On the topic of the politicization of technology, Feenberg admitted his doubts about the application of the principle of symmetry to technology. “The enormous differences in power and wealth in society at large make it absurd to talk about symmetry [e.g. Big Tobacco]. It’s hard to end a controversy when your adversary has 1000 times the amount of money you have and are cynical. This raises serious methodological problems and forces you back into more traditional sociological methods like ideology, class.”

Nodding amenably, Bijker agreed that it doesn’t make sense to use symmetry ontologically, as do Latour or Callon. Nonetheless, he maintained that it could be a useful heuristic device.

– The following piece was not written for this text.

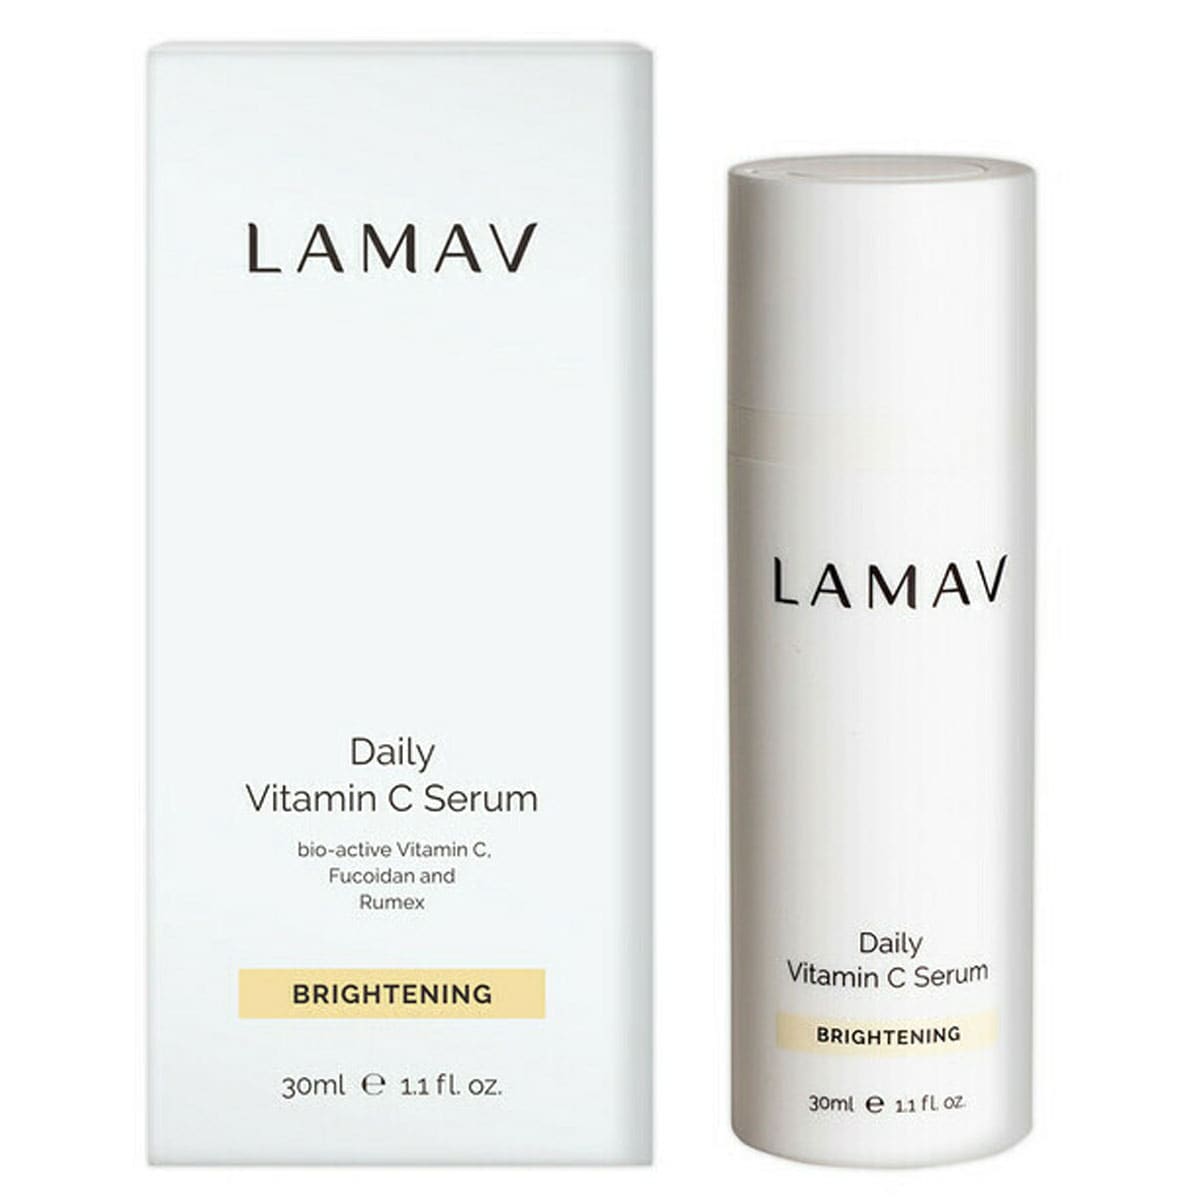 LAMAV Daily Vitamin C Serum 30ml

He gave the example of his study of the flourescent lamp, and a battle between the all powerful General Electric and the utility companies, who were at some point able to force GE to do something it didn’t really want.

“My argument then would be, not that there are not huge power differences in the world, but explaining a development by using a concept like power is begging the question, why is one actor or institution more powerful than another?”

For Bijker, a symmetrical analysis means that “you don’t import implicitly, uncritically your preconceptions of the world but try to find out how these extreme differences in power, wealth, class are reproduced in the particular case you are studying. Hueristic advice: you will see more, that will help you understand what’s going on. The problem is, this works on micro level, but of course there’s more going on. I am one of the old STS guys who loves to use Marx, so I’m not denouncing Marxist theory. How to connect macro structure to microanalysis difficult.”

There was more to the conversation, but it jumped around a bit, and was less cohesive. Plus I think I’ve gone on quite long enough.